Yesterday the answer given by Microsoft to the FTC over blocking the Activision Blizzard acquisition, in which it was cited Bloodborne between the games that Sony would have prevented them from coming to Xbox. Some have immediately pointed out that the intellectual property belongs to Sony, who not only published the game, but also produced it … so what do Spencer and him want? Why should Sony also release it on Xbox One (Microsoft’s flagship console at the time of the game’s release on PS4), since it paid for everything?
Don’t worry, a Spencer he didn’t lose his mind and as usual many gamers and analysts, even well-accredited ones, proved unable to explain a very plausible statement. It is enough to know how certain behind-the-scenes mechanisms of the industry work, to imagine how things could have gone.
Now, let’s start with a couple of assumptions: is Bloodborne an intellectual property of Sony? Absolutely yes. Did Sony produce the game? Of course. Not only that, he may have also prepaid the profits of FromSoftware, the development studio of Bloodborne, taking on all the risks of the launch (it’s a more common formula than you think in the relationships between large publishers and third-party studios). This is demonstrated by the almost complete lack of post-launch support (evidently extended support was not foreseen in the contract). So what does Microsoft want?
It escapes many that in the video game industry there are negotiation stages long and articulated, which start from the developers, eager to make their titles, and which often involve multiple publishers. Incidentally, FromSoftware isn’t a Sony first-party studio, so it must have sold Bloodborne to Sony after contracting it. Let’s briefly explain how things (also) work: developers prepare pitches for their projects, i.e. more or less articulated presentations of what they intend to do (for pitches, slides, videos, prototypes and so on are used… practically anything that can make an impression and be more convincing), which they show to publishers trying to convince them to finance them. You hardly get money on the first try, even when the publisher appears convinced. It is often necessary to make several presentations, sometimes in several takes and with progressively more material and detail. Furthermore, it is common practice to speak with several publishers, so as to understand if it is possible to obtain better offers and if the project may be of interest or if there are aspects to be reviewed to make it more attractive.
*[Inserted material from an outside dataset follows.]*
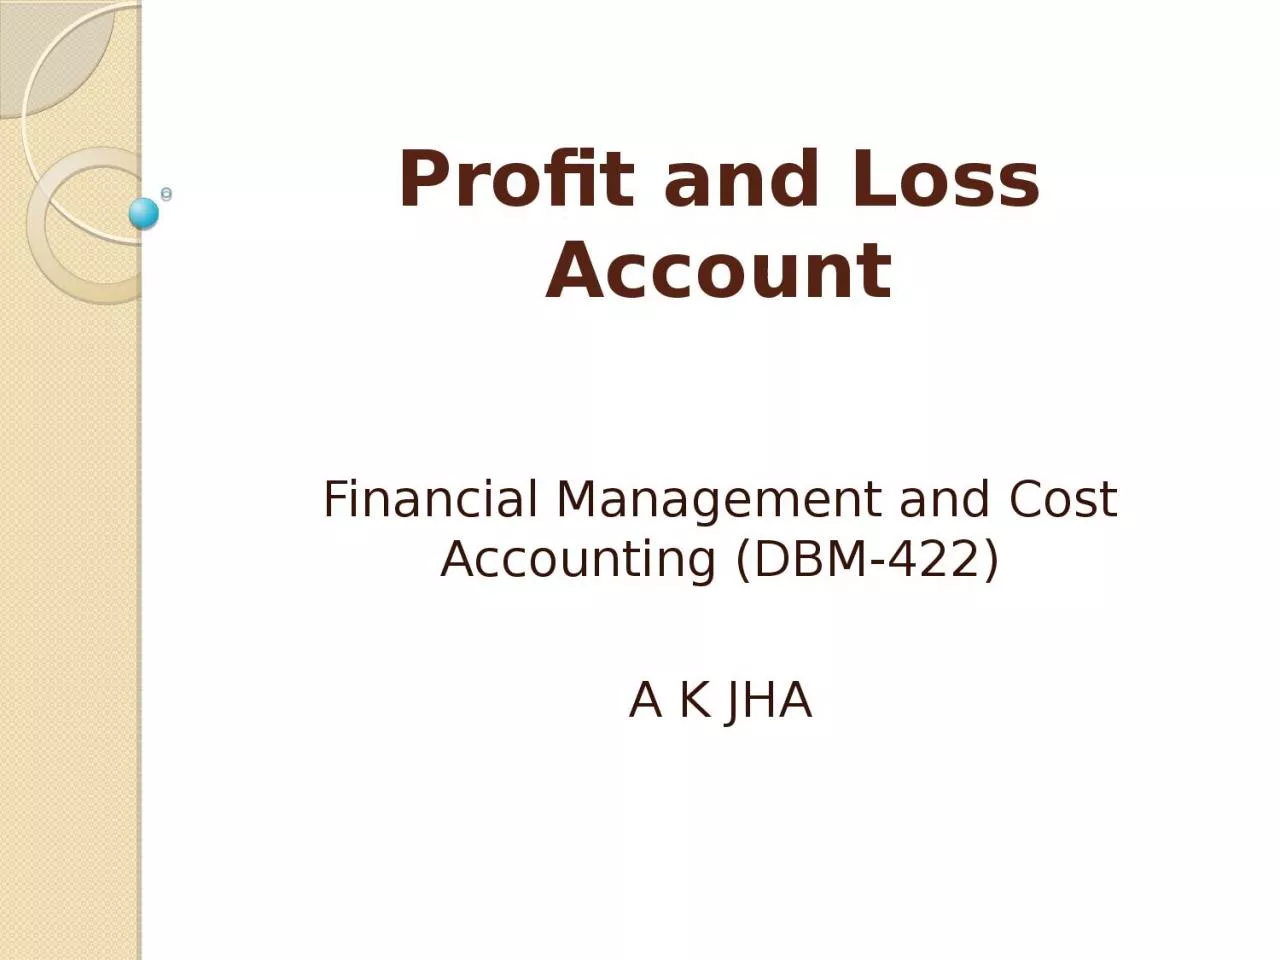 Profit and Loss Account Financial Management and Cost Accounting (DBM-422)

It’s easy to assume that FromSoftware has been around a bit to sell the Bloodborne project. He probably also paid a visit to Microsoft, which is a very large publisher and was head to head with Sony (consider that, given the release of Bloodborne in 2015 and assuming a development cycle of at least three/four years, the pitch will have turned when still Xbox 360 was a market force).
Now, it is impossible to reconstruct how the negotiations took place, but given that we are talking about the team of the Dark Souls series, we do not struggle to believe that it has received several offers. The best must have been Sony’s, as they prevailed in the end. Probably the Japanese multinational must have raised the offer to buy the intellectual property of the game, so that it would not be published on other platforms, in particular Xbox One.
Going around the seven churches shouldn’t be unusual for FromSoftware, since it has always worked for third parties, frequently with Bandai Namco (the Souls, Elden Ring), but also with Activision Blizzard (Sekiro) and with Atlus (Demon’s Souls) , to name a few. In the case of Ninja Blade it has also tried the way of self-publishing, just to make it clear how open it is to experimenting with various ways to get its games on the market.
As we said, the deal with Sony for Bloodborne must have been particularly convenient. Moreover, the relations between the two companies are notoriously excellent, so they will certainly not have had problems with dialogue.
Now there are a couple of very important points to clarify. The first is that evidently Microsoft’s attack was misunderstood, because it hasn’t complained that Sony steals its games, preventing them from reaching its platforms, which it has also done over and over over the years (think of the first Titanfall for Xbox One). The underlining of the four titles with contracts that prevent their arrival on its platforms only serves to counter the complaints of the FTC, that is to say to demonstrate that the accusations made by Sony are absurd, because it is Sony itself that behaves as it claims to fear that Microsoft behaves with the Call of Duty series and other intellectual properties of Activision Blizzard, i.e. taking them away from rival platforms. Over the years there had never been public complaints about the exclusives, but given the stakes Microsoft could not avoid exposing certain situations to appear less voracious than the competition paints it.
The second point concerns the ways in which Microsoft has learned about these contractual clause. A little logic comes in handy here. As the producer of one of the best-selling consoles on the market, the Redmond house will certainly talk continuously with all the major publishers, to have their games on Xbox and in recent years also on Game Pass. Now, is it hard to believe that he asked Square Enix to have Final Fantasy VII Remake and XVI on Xbox? Given the agreements with Sony, Square Enix must have declined (or FromSoftware in the case of Bloodborne) and must have explained to Spencer or someone else that a contractual link with the competition made any agreement impossible.